# Monitor empfehlung gesucht



## Koksi (6. September 2012)

Guten morgen 
Ich suche für einen Kumpel von mir einen neuen Monitor zum zocken.
Gespielt wird Bf3, guild wars 2 und eines dieser zahllosen dota artigen spiele.

24 Zoll mit full hd wären toll.
Limit 200€ aber gerne auch etwas empfehlenswertes drunter


----------



## Painkiller (6. September 2012)

Wie wäre es damit?

LG Electronics Flatron IPS235P, 23" Preisvergleich | Geizhals Deutschland
LG Electronics Flatron IPS234V, 23" Preisvergleich | Geizhals Deutschland


----------



## max00 (6. September 2012)

oder damit:

DELL U2312


----------



## beren2707 (6. September 2012)

Auch ein gutes Modell wäre der hier.


----------



## Painkiller (6. September 2012)

Der Dell an sich ist nicht schlecht, aber der LG hat die besseren Farben und das modernere Panel auf Lager.

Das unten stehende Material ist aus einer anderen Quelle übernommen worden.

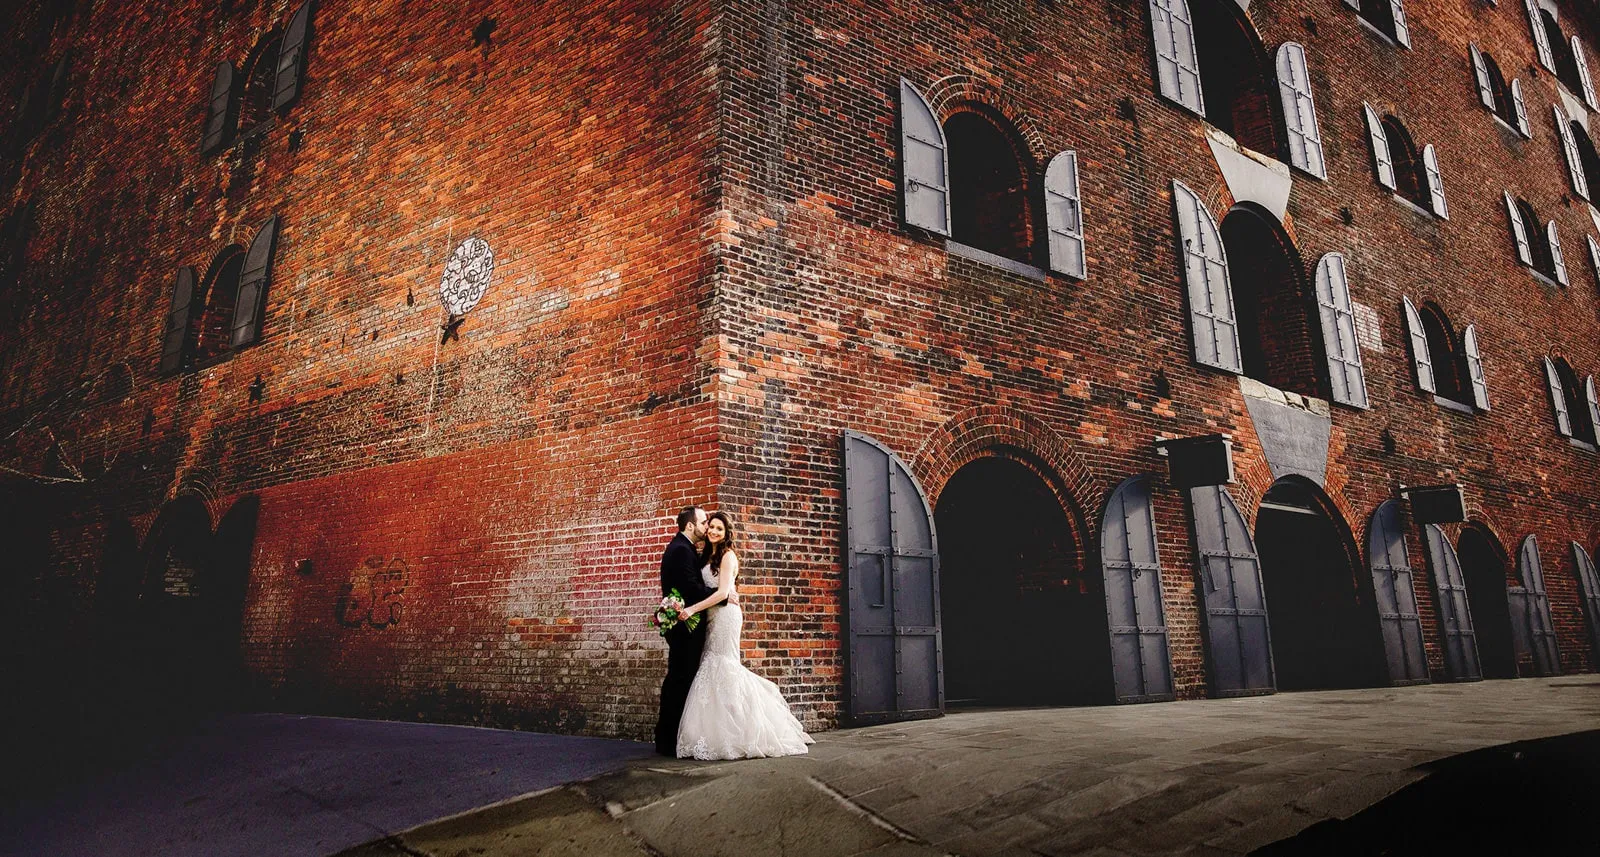 Couple posing for a portrait in front of a brick building

Der Asus ist ein TN-Monitor. Er bietet halt nicht so genaue Farbabstufungen wie die IPS-Panels.


----------



## max00 (6. September 2012)

<> schrieb:


> Der Dell an sich ist nicht schlecht, aber der LG hat die besseren Farben und das modernere Panel auf Lager.
> 
> Der Asus ist ein TN-Monitor. Er bietet halt nicht so genaue Farbabstufungen wie die IPS-Panels.


 
Gut zu wissen!
Hab zwar dank meinem Handy (LG P990) derzeit immer noch eine leichte Abneigung gegenüber LG, aber ich glaub bei Monitoren dürfte ihnen Android nicht so viele Schwierigkeiten bieten 

Edit:
Den USB-Hub find ich aber am Dell genial- hab das Vorgängermodell und möchte diese Anschlüsse schön versteckt, aber trotzdem in Reichweite nicht mehr missen!


----------



## Koksi (7. September 2012)

Danke für die ganzen Vorschläge

der LG Electronics Flatron IPS235P, 23" Preisvergleich | Geizhals Deutschland gefällt mir momentan sehr gut ich glaube ich werde mich mal noch ein bisschen schlau über ihn machen


----------



## Yakoozar (7. September 2012)

Es kommt halt darauf an, dass er schnell ist bei den Games, damit du nicht immer die VerticalSync aktivieren musst, was dann wieder Rechenpower kostet.
Alternativ zu den oben genannten kann ich aus eigener Erfahrung Benq empfehlen, die liegen im unteren Preissegment und sind trotzdem ziemlich gut:BENQ GW 2250 HM 54,6 cm Full HD LED TFT schwarz - EURONICS


----------



## Koksi (7. September 2012)

Yakoozar schrieb:
			
		

> Es kommt halt darauf an, dass er schnell ist bei den Games, damit du nicht immer die VerticalSync aktivieren musst, was dann wieder Rechenpower kostet.
> Alternativ zu den oben genannten kann ich aus eigener Erfahrung Benq empfehlen, die liegen im unteren Preissegment und sind trotzdem ziemlich gut:BENQ GW 2250 HM 54,6 cm Full HD LED TFT schwarz - EURONICS



Da hast du wohl recht geschwindigkeit ist schon wichtig nur ich glaube 21,5 zoll ist dann doch ein bisschen wenig hatte da an so 23/24 zoll gedacht.


----------



## Painkiller (11. September 2012)

Der LG ist durchaus schnell. Sogar für Shooter ist er geeignet.


----------